There is a lack of reliable and accessible information about migration in Myanmar, particularly in the rural areas where most of the prospective migrants are. Workers are therefore effectively pushed towards the ubiquitous broker, eventually resulting in higher recruitment costs. This is aided by a 1959 law prohibiting recruitment agencies from operating offices outside Yangon and MOLIP directives which forbid advertising by recruitment agencies. Although the latter is not strictly followed and some job- information is available on social media, websites are largely basic and often incomplete or out of date. The MOLIP ‘safe migration’ facebook page is a more useful source of practical information in Burmese for workers. A three-day pre-departure orientation carried out by recruitment agents is mandatory for migrants going to all countries, other than Thailand, because of the sheer scale of workers migrating there. This is ironic as these workers tend to be the least educated and experienced and would benefit the most from pre-departure training. Instead, all they receive is a basic session explaining the contract and working conditions immediately before the signing ceremony in Yangon, and a brief presentation on Thailand immediately prior to entering. In addition, trade unions and CSOs carry out their own training programmes but these are often limited in number and oversubscribed. CSOs and unions face restrictions and bureaucratic hurdles from local authorities, even when conducting their own outreach work. Increased cooperation between Government, CSOs and unions is therefore an obvious solution to improve information for workers.
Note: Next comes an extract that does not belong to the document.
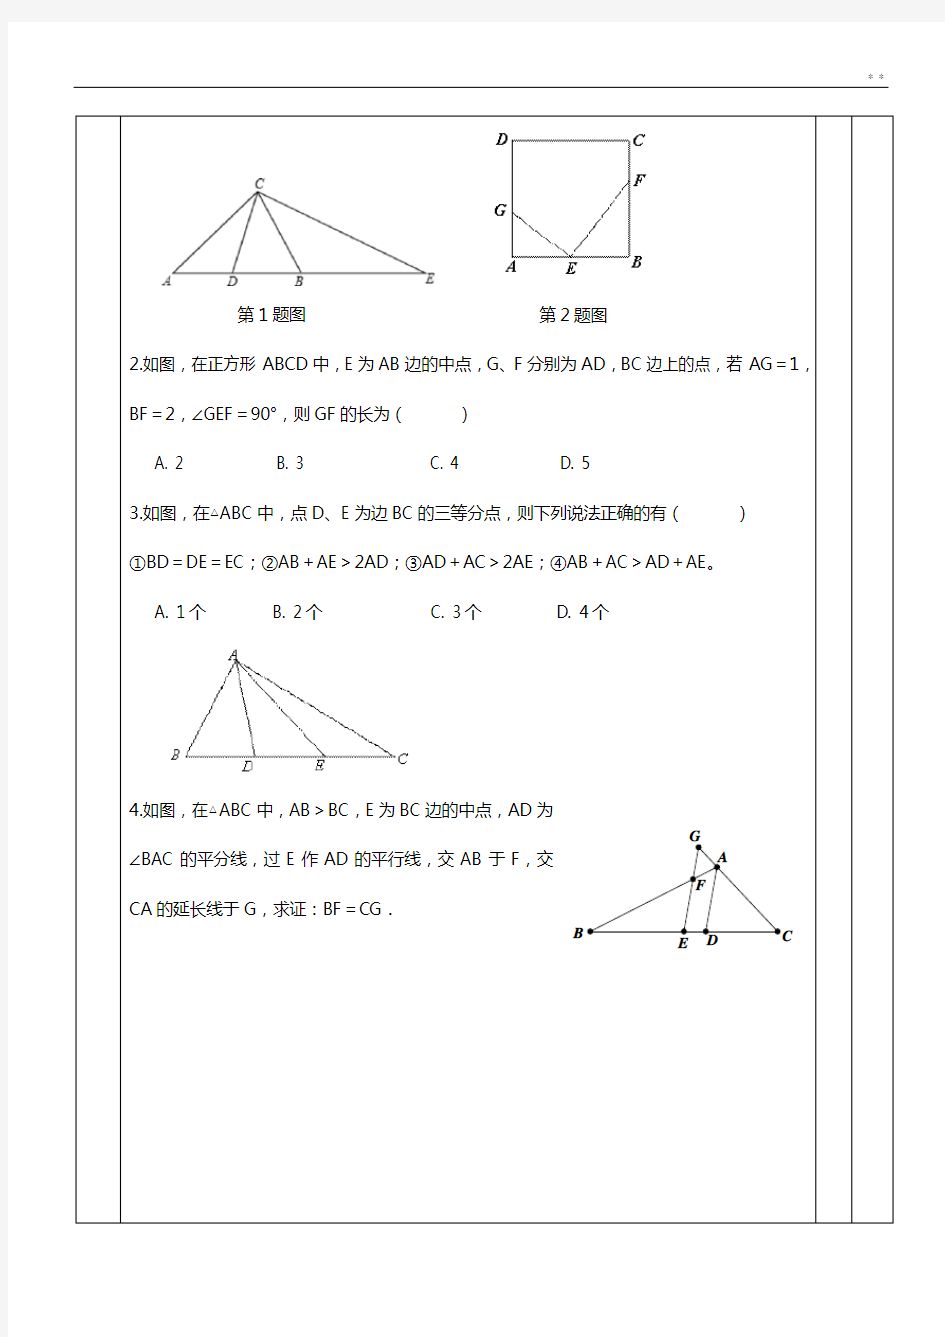 初级中学数学《几何辅助线秘籍》中点模型的构造1(倍长中线法;构造中位线法)

Information made available by Thai authorities invariably focuses on those already in the country. Official websites provide some basic information, laws and regulations, cabinet resolutions, updates and detailed statistics, but these are mostly in Thai and thereby inaccessible to workers. Documents are also often outdated. Thai authorities do however produce material in various languages covering rights and duties of workers as also documents for irregular and undocumented workers already in the country. These include announcements about the regularisation process and warnings about registration deadlines. Similar information is also circulated via newspapers, internet videos and social media. Thai authorities have also collaborated extensively with the ILO, particularly on labour protection in the fisheries and seafood processing industry. There is good cooperation with NGOs who assist the ten Government Migrant Worker Assistance Centres, and the three ILO- supported Migrant Worker Resource Centres. In recent years, there has been increased collaboration in the fishing-seafood sector with NGOs also supporting the five Post-arrival and Reintegration Centres which also screened new workers and verified employment contracts. A number of seafarers’ centres have also been set up by NGOs and Government collaborating to provide advice and support to fishers. NGOs also often conduct their own events with migrants able to directly raise concerns with government officials. Many such ‘engagement’ events however tend to be proforma and/or symbolic.
Recommendations to the Royal Thai Government:
- Ensure that all information relevant to migrant workers - including laws, guidelines, information on fees/costs, particularly related to the complex and lengthy MOU process - is available in Burmese and other languages used by workers.